### Task goal:
Transcribe, starting at the line with "19th century Antique" and ending at the line with "Comfort Classics 3M", every line of the material below exactly, but leave out the pictures and anything outside that span.

### Stored data:

----------------

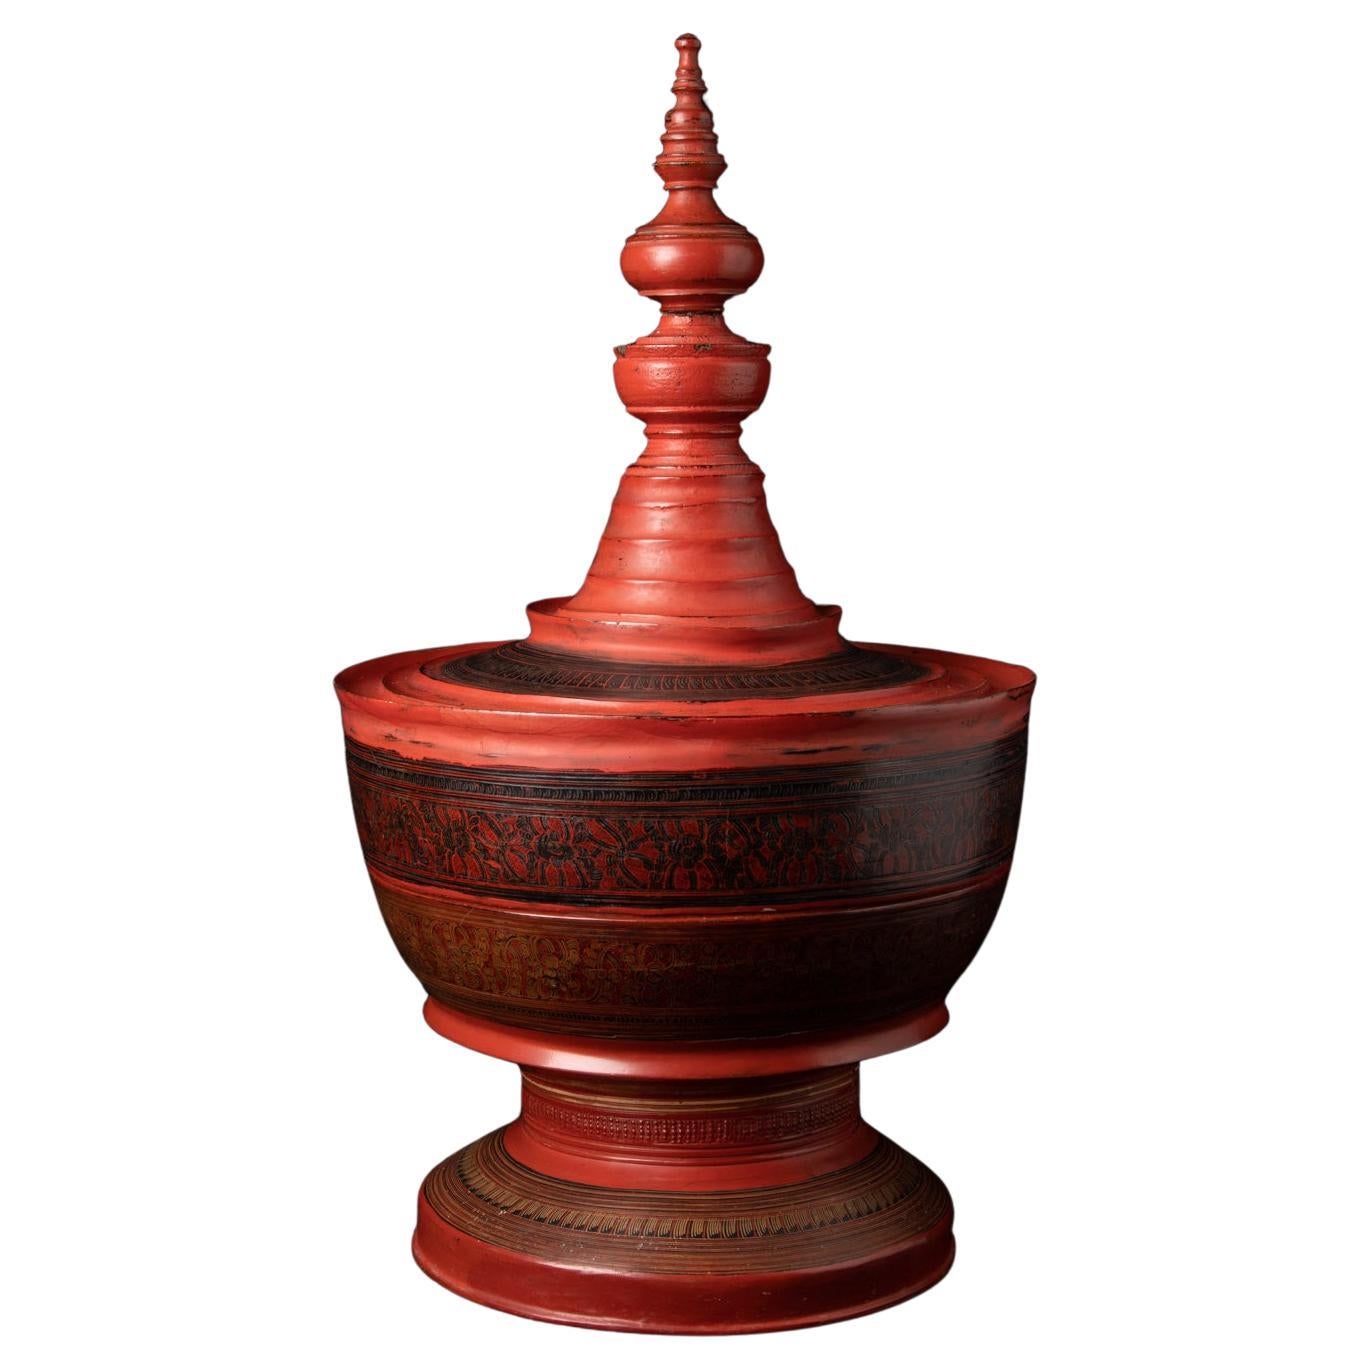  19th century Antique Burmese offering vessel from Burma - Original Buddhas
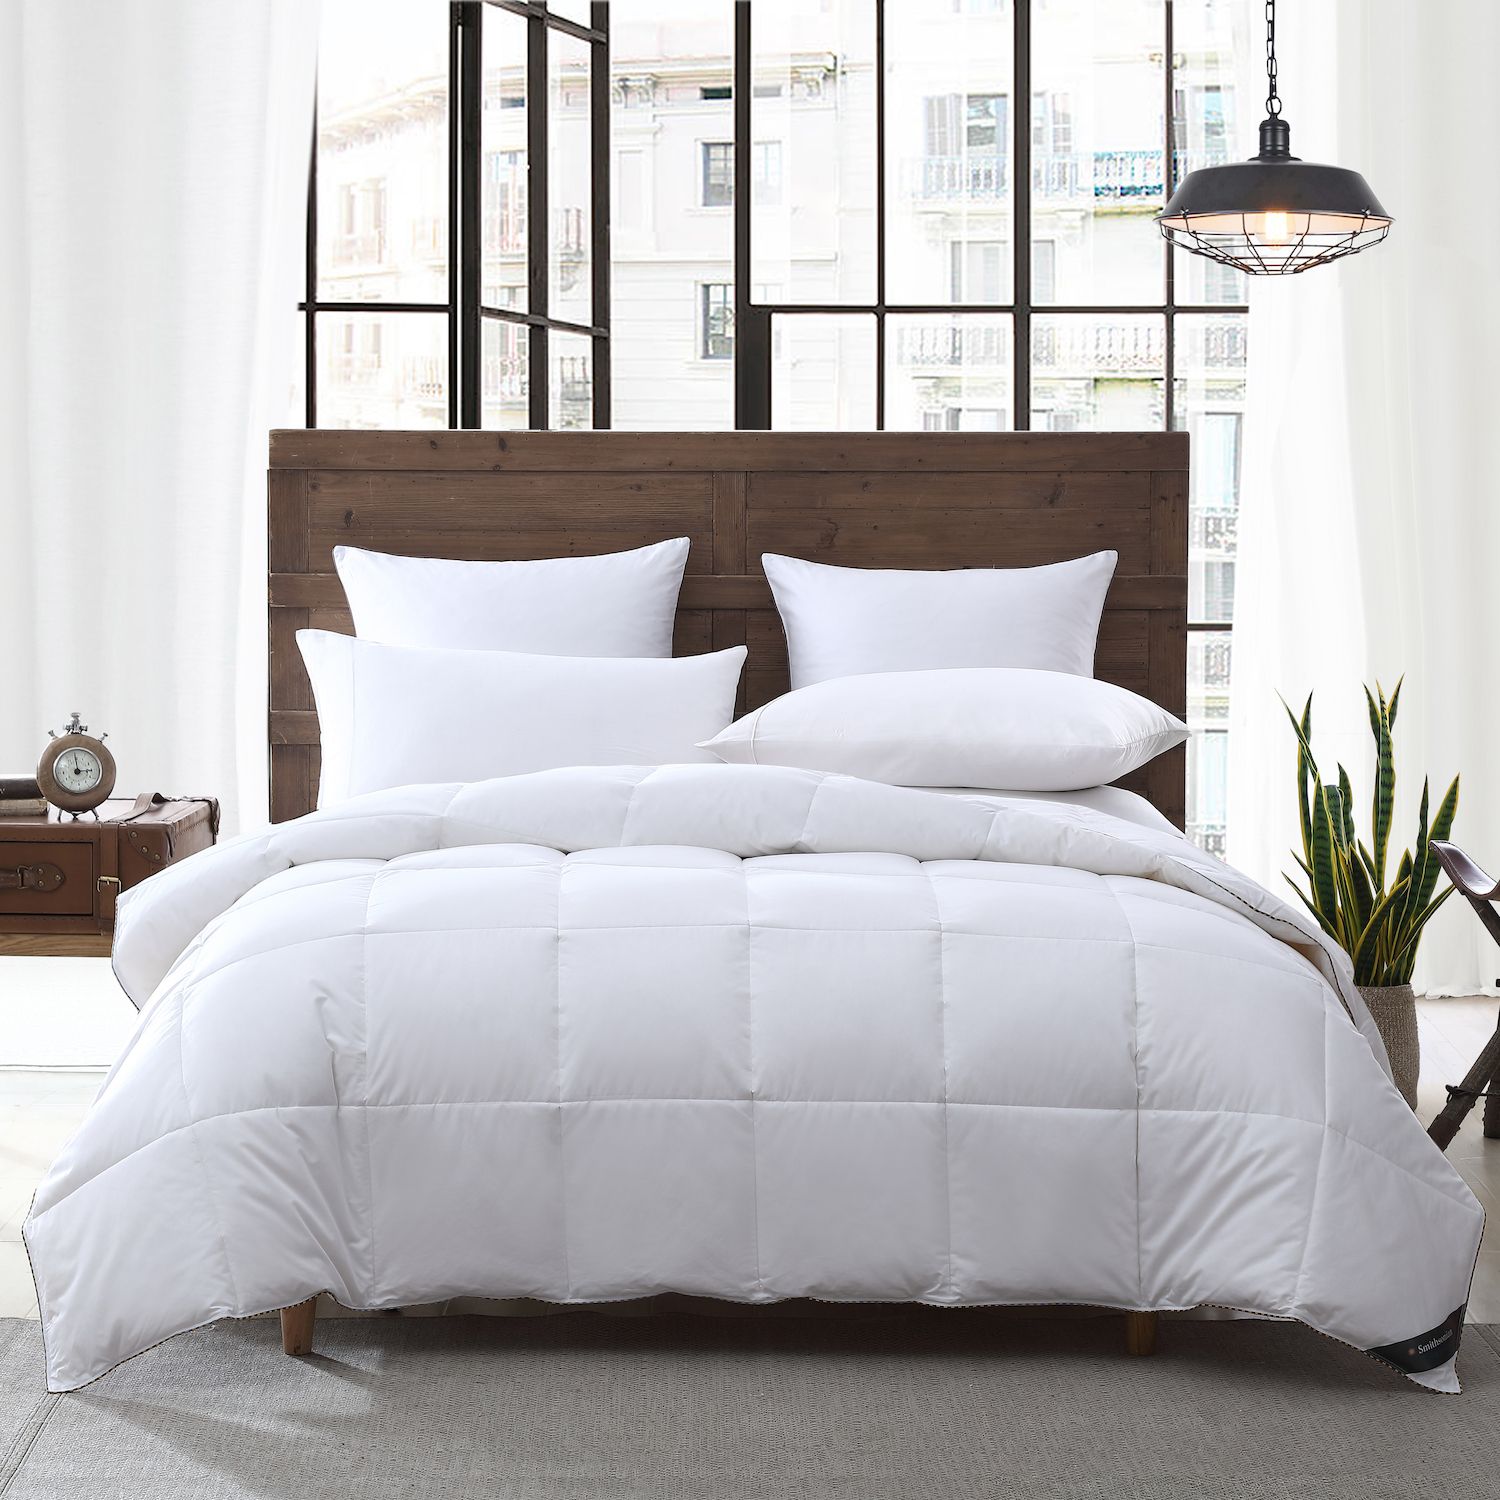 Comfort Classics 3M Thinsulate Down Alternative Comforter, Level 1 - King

----------------

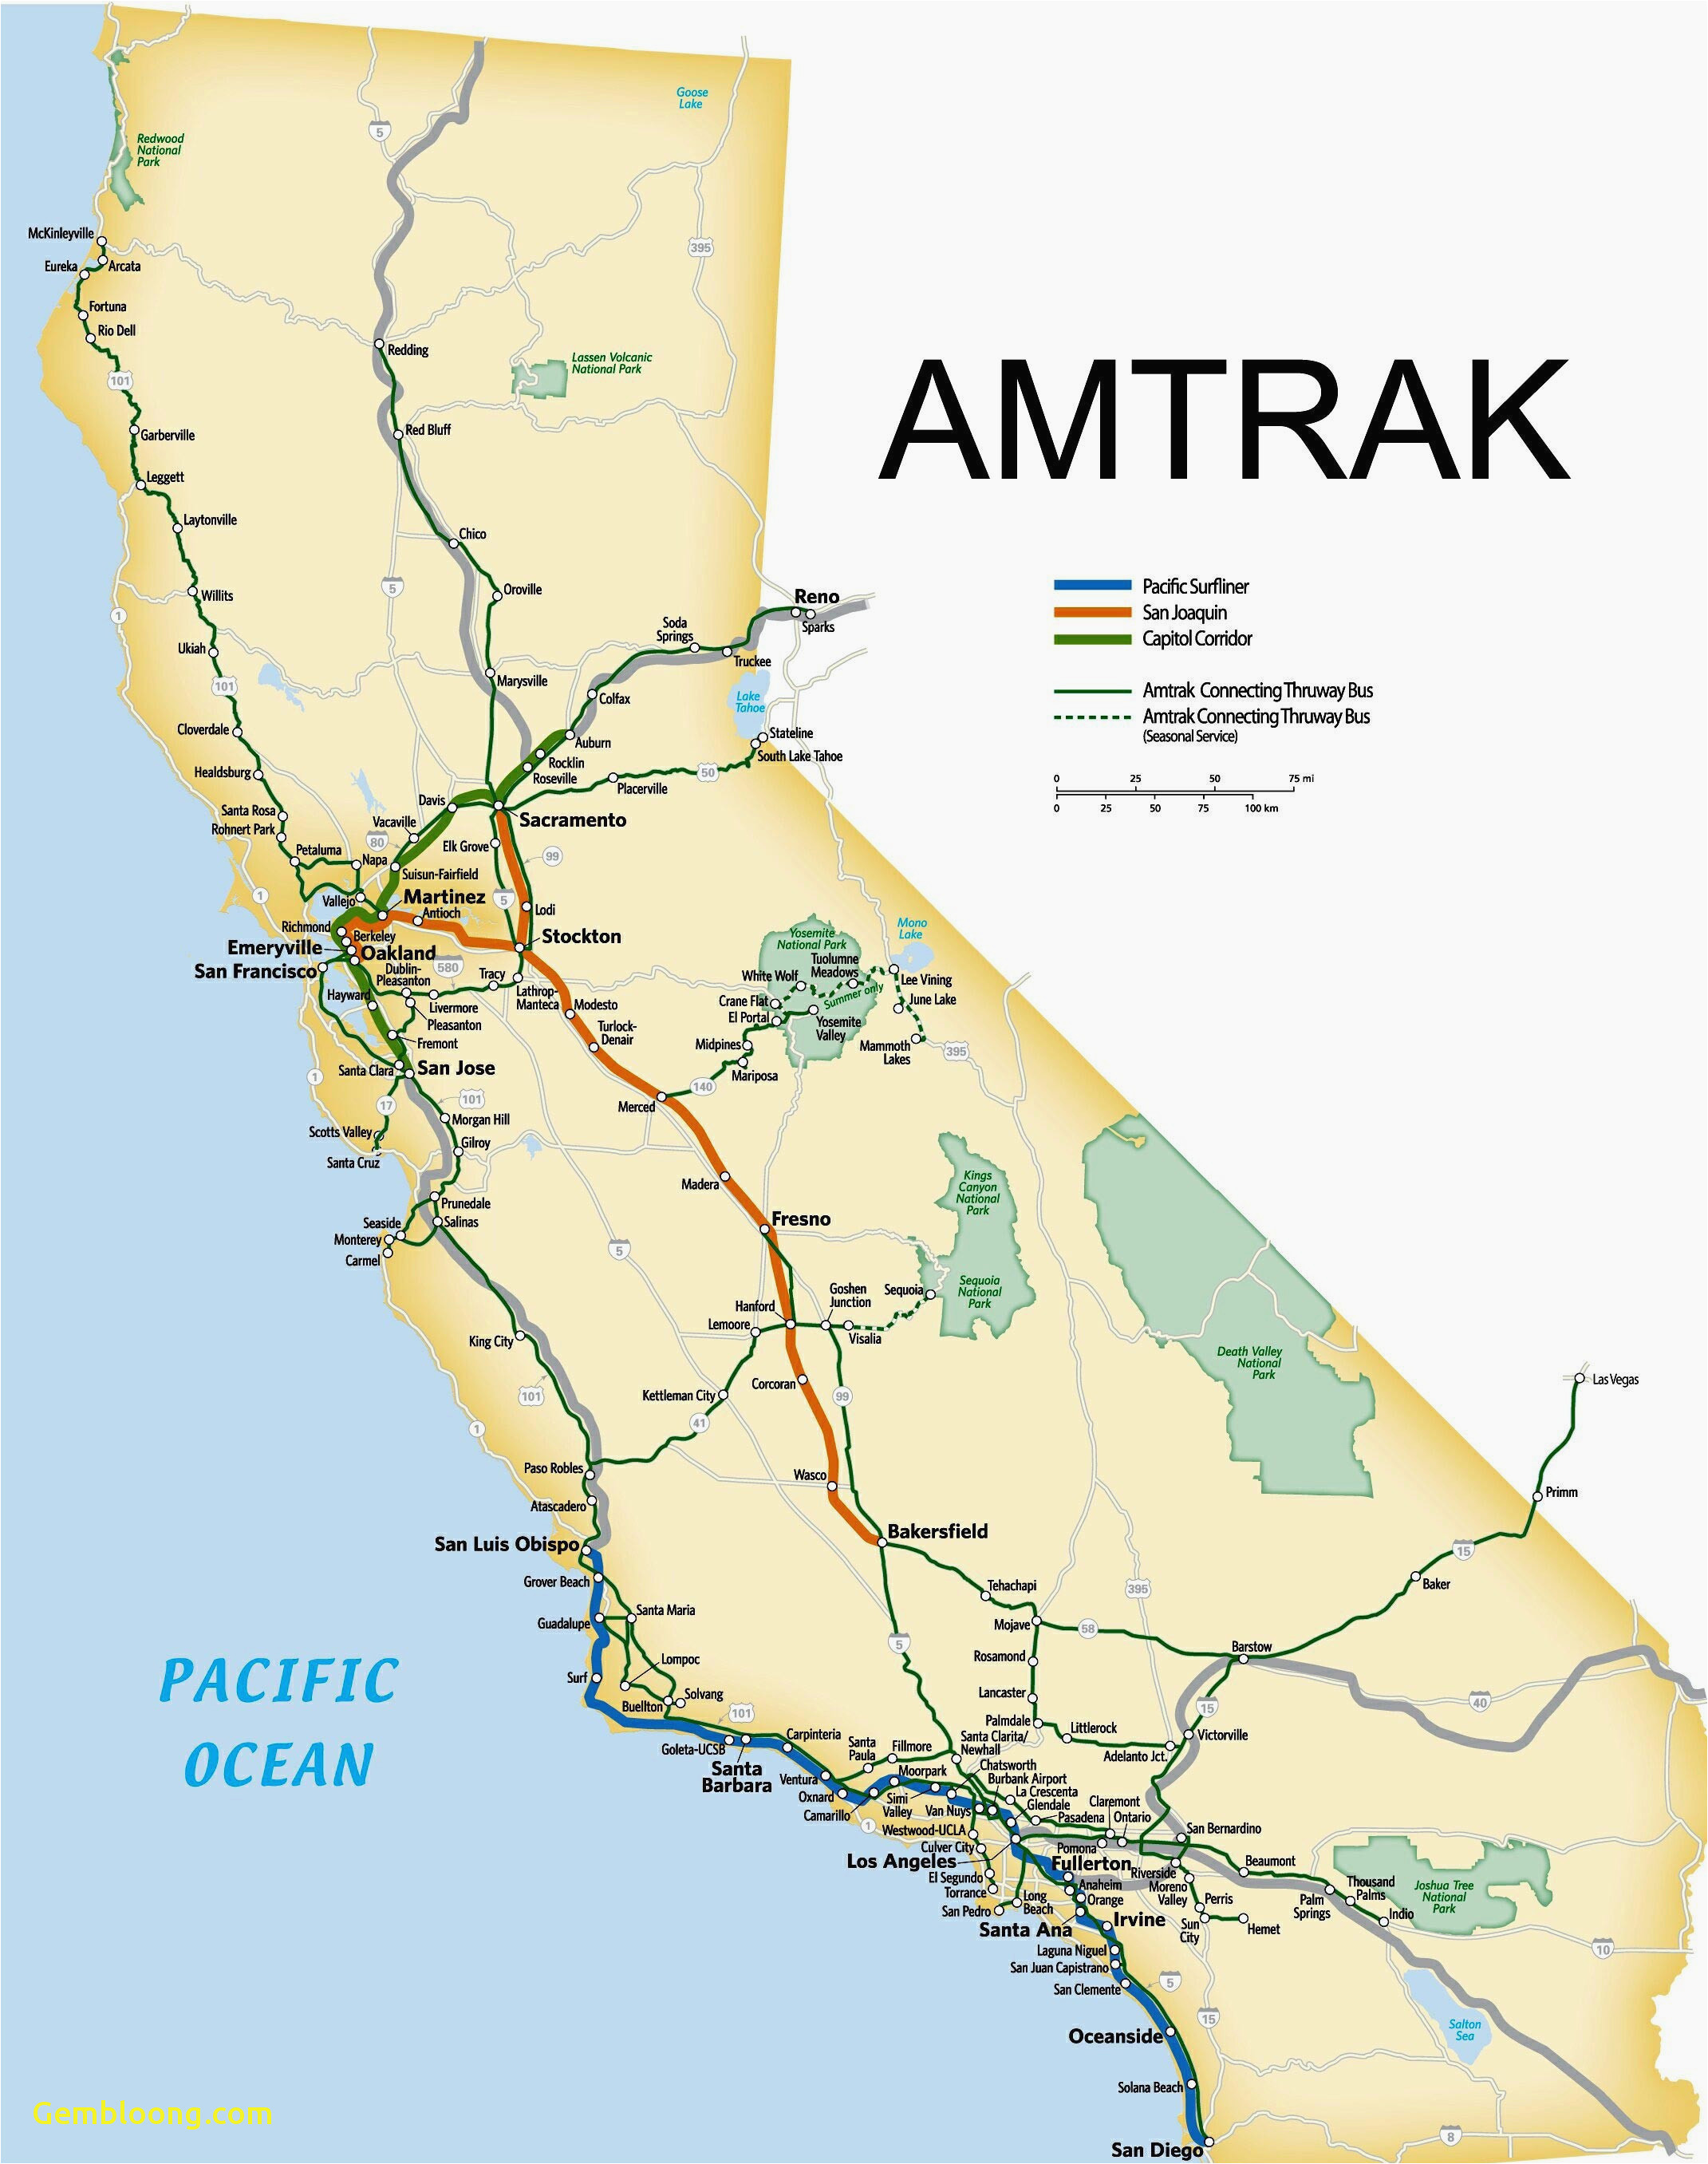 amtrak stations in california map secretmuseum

----------------

### Result:
  19th century Antique Burmese offering vessel from Burma - Original Buddhas
 Comfort Classics 3M Thinsulate Down Alternative Comforter, Level 1 - King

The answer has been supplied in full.